Эстер вздохнула и молча, с немым вопросом взглянула на меня. И я увидела пару глаз с мутноватыми белками, усталые глаза старой женщины.
Краем полотенца она захватила полную пригоршню вилок, ложек, ножей и, распустив их веером, стала вытирать, по одному опуская в раскрытый ящик стола.
– Мишу Грина ты когда-нибудь видишь, Лееле? Как он, здоров, работает? До меня дошло, что он вроде женился на Двойре Бурштин…
– Он вполне здоров, Миша, ну совсем молодцом. Когда я сказала ему, что собираюсь поехать к тебе, он очень обрадовался. – Открыв для себя первый раз в жизни, что и неправда может быть благодатной, я продолжала уже без всякого стеснения: – Ну, как я могла забыть, Миша очень просил меня кланяться тебе, передать самый сердечный привет. Мы с ним часто говорим о тебе.
– В самом деле? – Взгляд Эстер был ясен, как весенний день.
– Совсем недавно, – вдохновенно сымпровизировала я, – не помню только, как это пришлось к слову, он мне говорит: «Никогда в жизни не встречал женщины красивей Эстер».
1968
Перевод автора.
Когда мальчики выросли
Он украдкой выскользнул из палаты, забрался в самую глубину госпитального сада.
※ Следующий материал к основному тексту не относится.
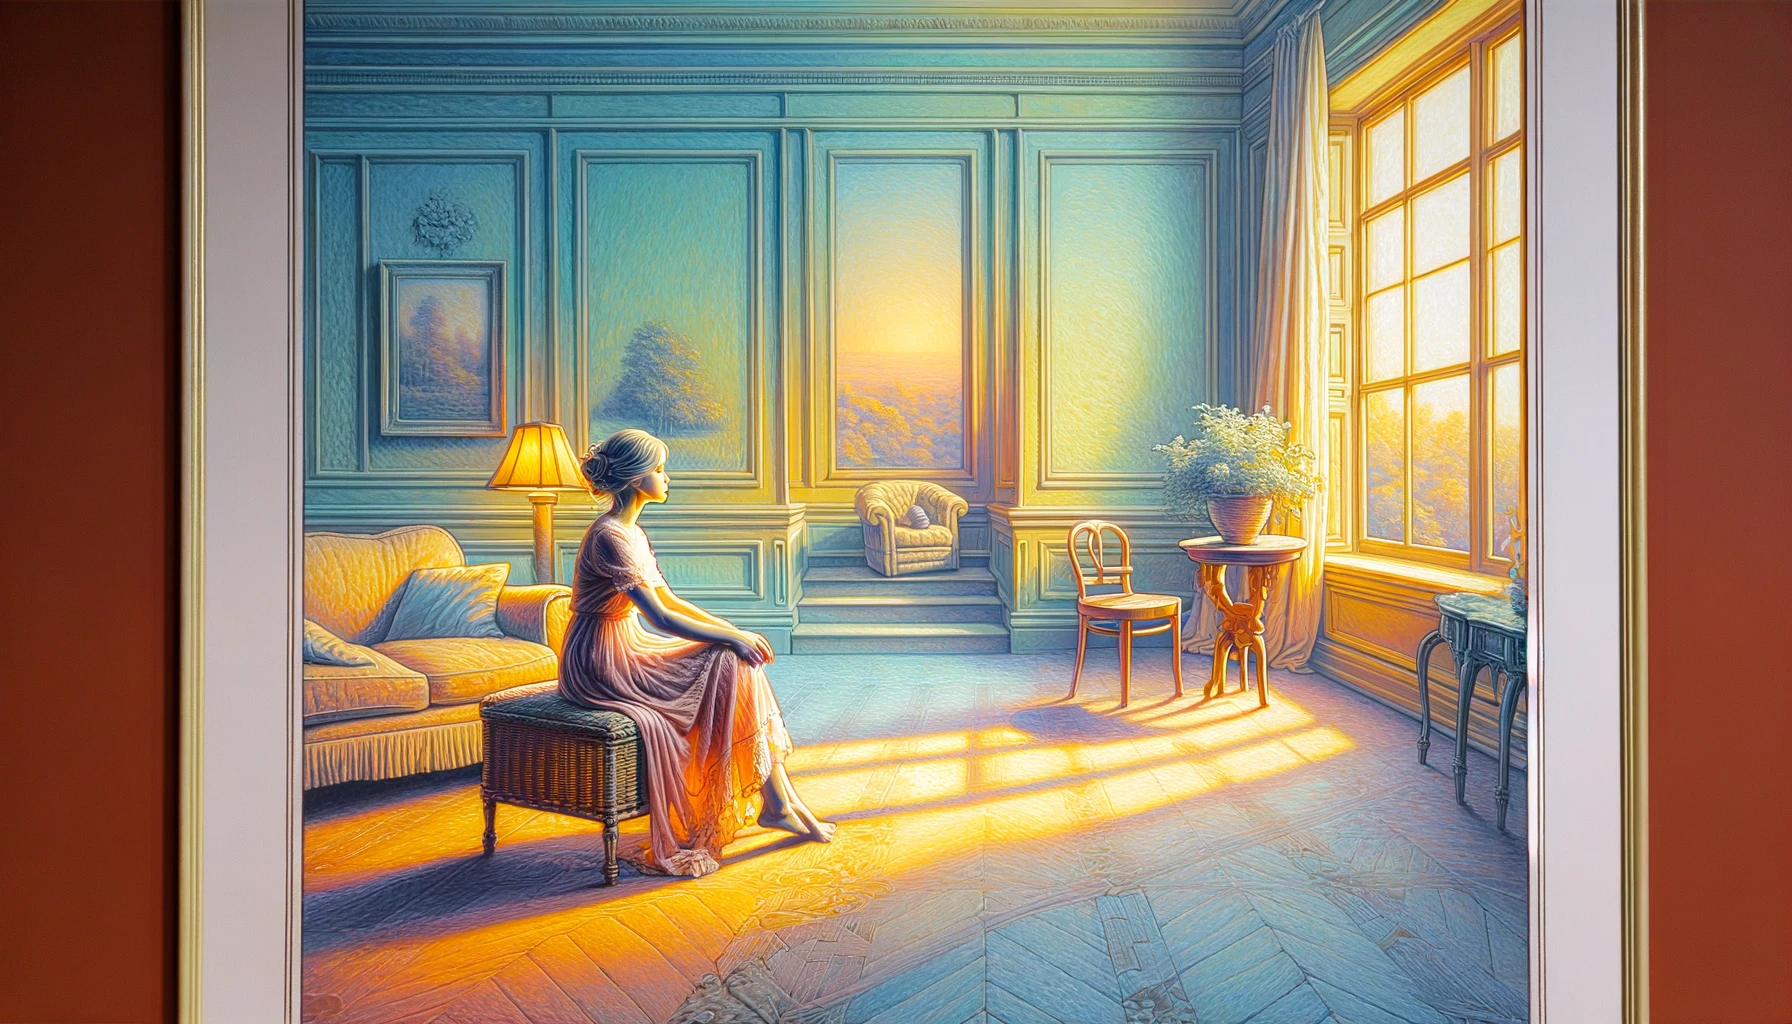 "Serene woman in colorful sitting room, trusted psychic contemplating future insights"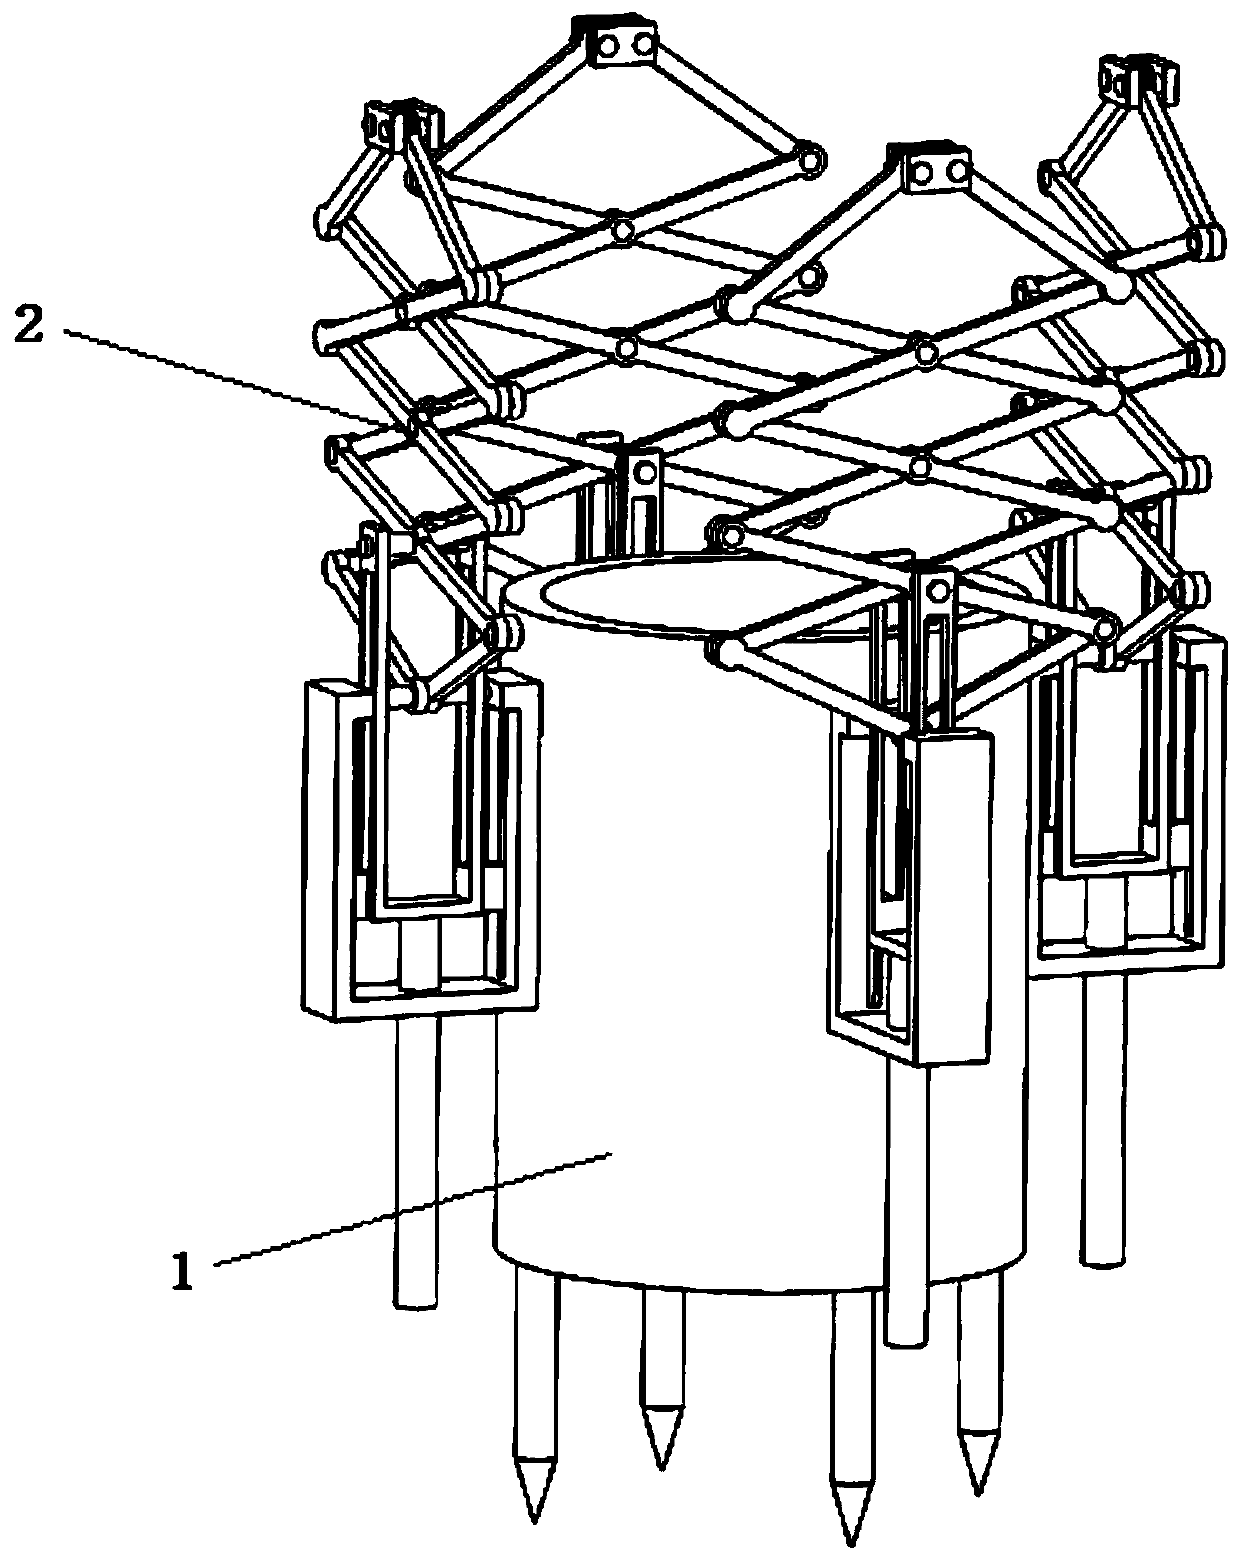 A fruit tree support structure

Сел на землю, забинтованную голову прислонил к деревянному забору. Здесь ему никто не помешает. В палате, в узких проходах между койками, мелко перебирая ногами, танцуют школьницы – все смуглокожие и узкоглазые. Кружатся под собственную тягучую мелодию, без начала и без конца. Так пели их деды, покачиваясь на покладистом, неторопливом ослике. Девочки с серьезными, невозмутимыми лицами старательно прихлопывают руками над головой в такт мелодии.
Лежачие больные останутся на своих койках, а ходячие будут из палаты в палату сопровождать четырех школьниц, пришедших своим пением и танцами развлечь раненых, тем самым предоставив Борису возможность в полном уединении который раз за сегодняшний день перечитать два письма, заученные им уже наизусть:
«По сведениям, которыми мы располагаем, ваша жена Дина Яковлевна Гурвич и ваша мать Рахиль Иосифовна Гурвич были убиты фашистами в январе 1943 года. О судьбе вашего ребенка нам ничего неизвестно».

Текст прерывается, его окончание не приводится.